Levothyroxine; Liothyronine (Porcine): (Minor) Thyroid hormone use may result in increased blood sugar and a loss of glycemic control in some patients. Interactions may or may not be clinically significant at usual replacement doses. Monitor blood sugars carefully when thyroid therapy is added, changed, or discontinued in patients receiving metformin. (Minor) Thyroid hormones are important in the regulation of carbohydrate metabolism, gluconeogenesis, the mobilization of glycogen stores, and protein synthesis. When thyroid hormones are added to existing diabetes therapy, the glucose-lowering effect may be reduced. Close monitoring of blood glucose is necessary for individuals who use oral antidiabetic agents whenever there is a change in thyroid treatment. It may be necessary to adjust the dose of antidiabetic agents, such as linagliptin, if thyroid hormones are added or discontinued.

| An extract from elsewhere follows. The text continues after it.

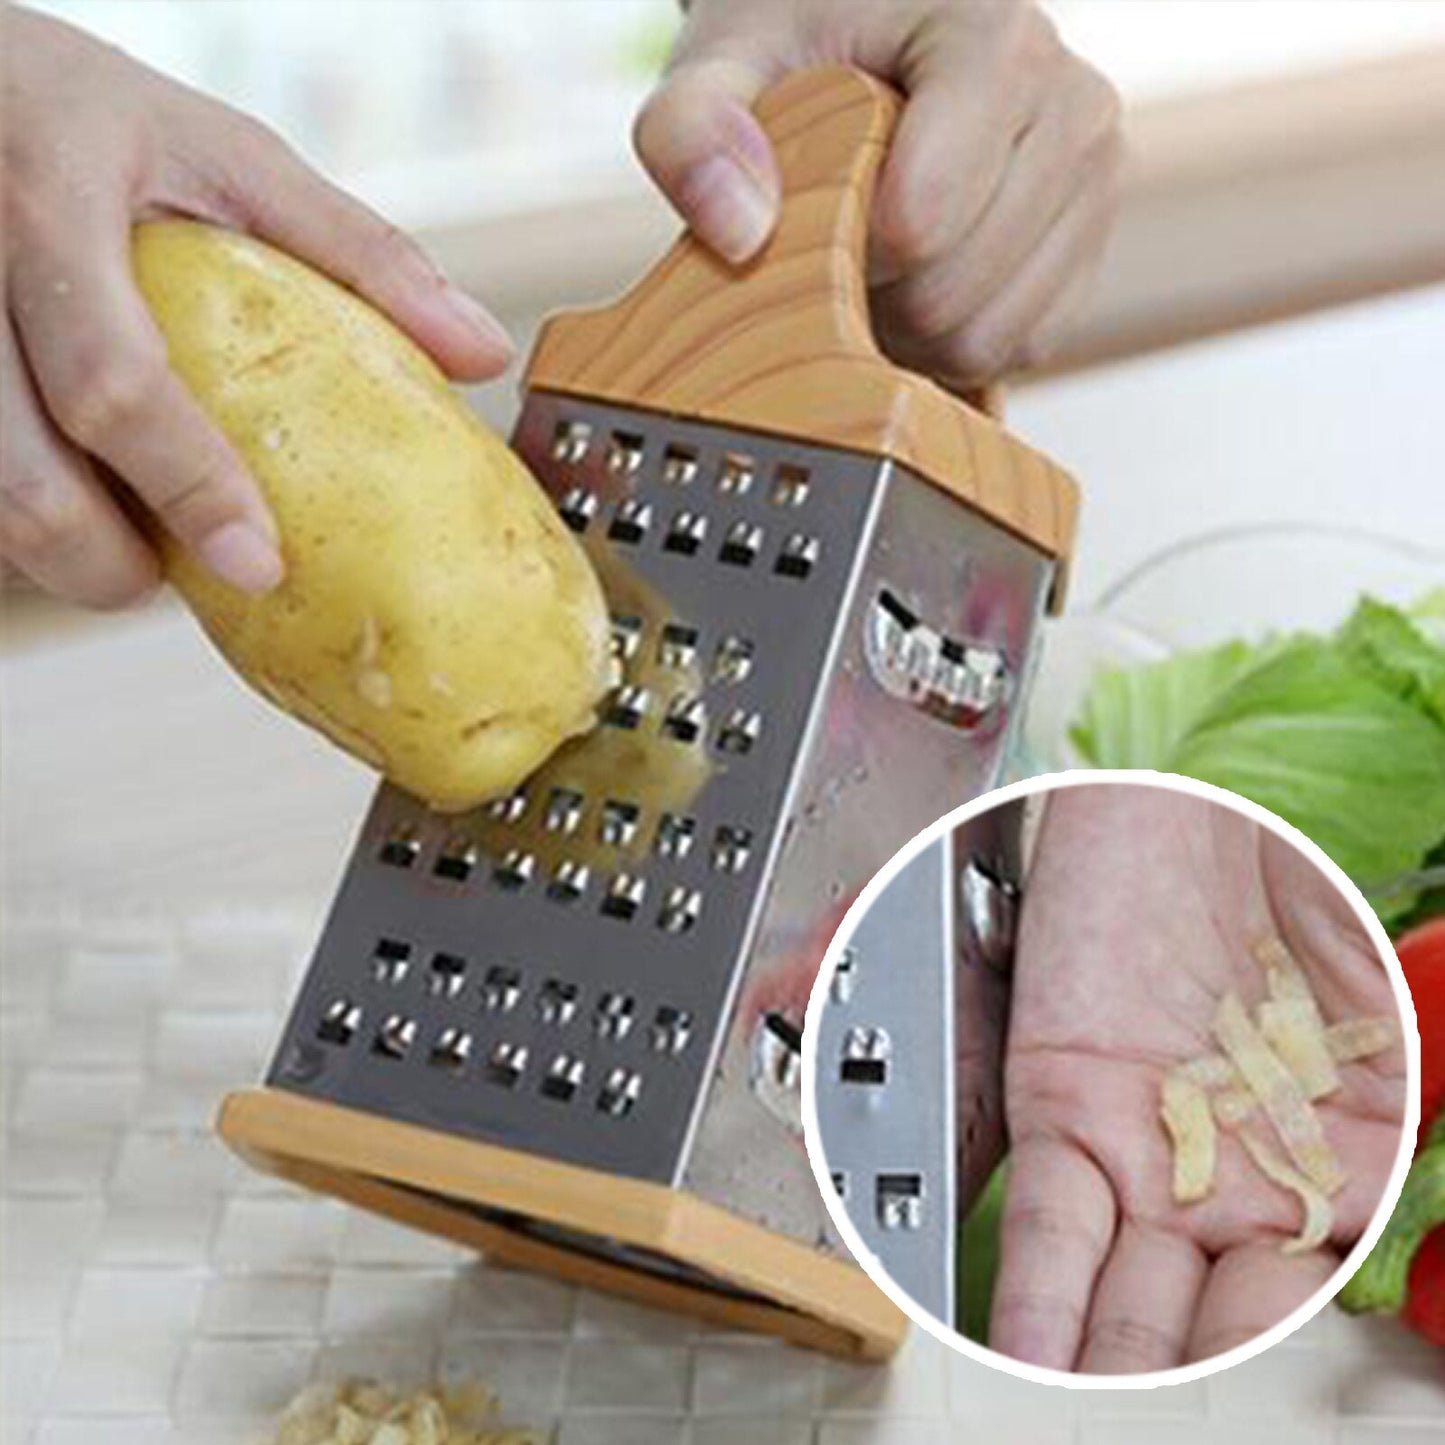 6 Sided Food Grater - Multifuntional 6 Blades Cutter -Stainless Steel

Levothyroxine; Liothyronine (Synthetic): (Minor) Thyroid hormone use may result in increased blood sugar and a loss of glycemic control in some patients. Interactions may or may not be clinically significant at usual replacement doses. Monitor blood sugars carefully when thyroid therapy is added, changed, or discontinued in patients receiving metformin. (Minor) Thyroid hormones are important in the regulation of carbohydrate metabolism, gluconeogenesis, the mobilization of glycogen stores, and protein synthesis. When thyroid hormones are added to existing diabetes therapy, the glucose-lowering effect may be reduced. Close monitoring of blood glucose is necessary for individuals who use oral antidiabetic agents whenever there is a change in thyroid treatment. It may be necessary to adjust the dose of antidiabetic agents, such as linagliptin, if thyroid hormones are added or discontinued.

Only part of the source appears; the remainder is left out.